4.1. Implementation Details

We train (PyTorch 1.7.1, Nvidia GeForce GTX 3090 GPU with 24 GB memory, and Intel

^{®}

Core

^{TM}

i9-12900K CPU with 64 GB memory) the DVC on the Vimeo-90k [32], which is built for evaluating different video processing tasks, such as video interpolation, video denoising/deblocking, and video super-resolution. The dataset contains 89,800 video clips covering a rich variety of video content. The model is trained using the Adam optimizer with parameters set to

β_{1} = 0.9

and

β_{2} = 0.999

, the batch size is set to 4, with an initial learning rate of 0.0001, and the learning rate is divided by 10 when the loss becomes stable. Both the codes for DVC and FR-QA metrics are online available at [33]. The rate–distortion weight factor

λ

is set to 256,512,1024,2048, and the resolution of the images for training is 256 × 256.

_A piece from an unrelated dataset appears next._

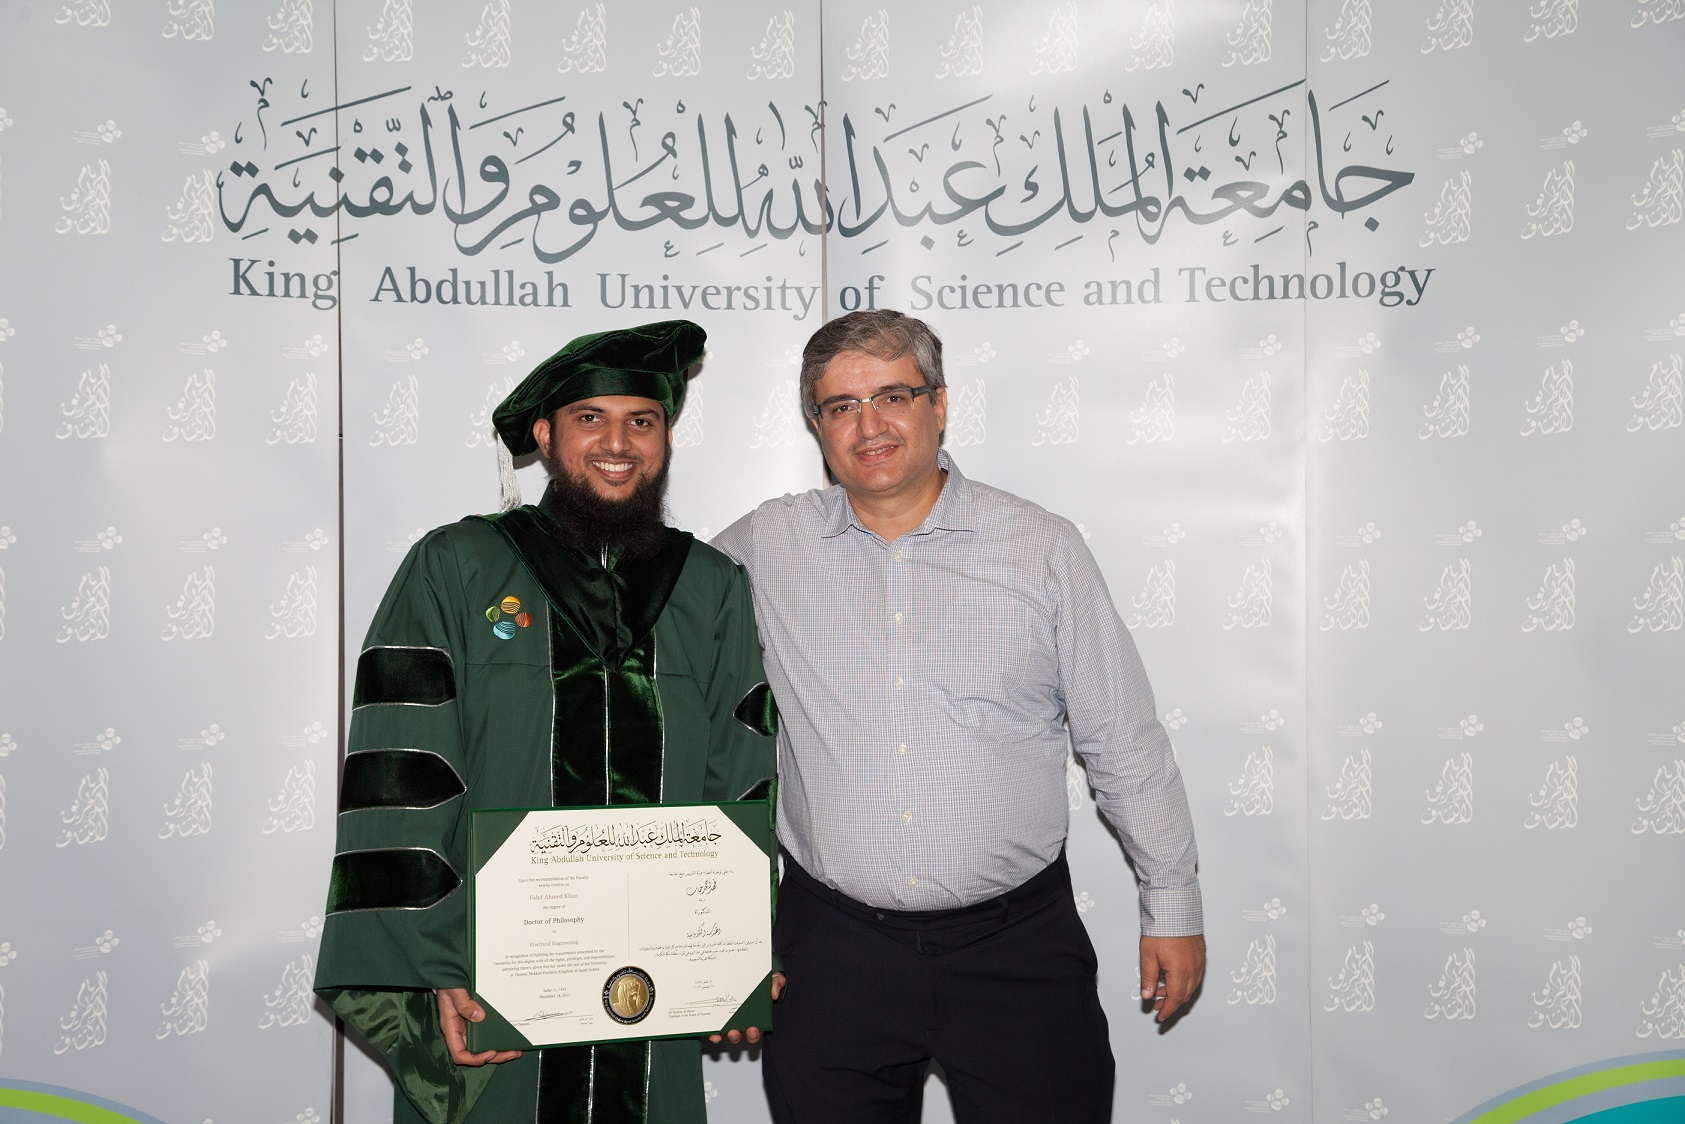 Professor Alouini with Fahd Khan during graduation ceremony2

During the testing period, the HEVC standard test sequence was used to evaluate the performance of E2E-DVC, which is widely used to measure the performance of video compression algorithms because of the diversity of video content and resolutions in this dataset.

4.2. Objective Results

4.2.1. R-D Performance

As shown in Figure 3, we compare the coding perfomance of the DVC models optimized under different FR-QA loss functions on the HEVC Class B sequences. Since peak signal-to-noise ratio (PSNR) is the most commonly used metric for lossy compression codecs, we use it to describe R-D performance. The detailed PSNR values are shown in Table 1. We also found that the R-D data can be well fitted by the following function:

P S N R = α \cdot l o g (R) + β,

(29)

where

α

and

β

are parameters to be estimated, which are determined by the codec models and video content.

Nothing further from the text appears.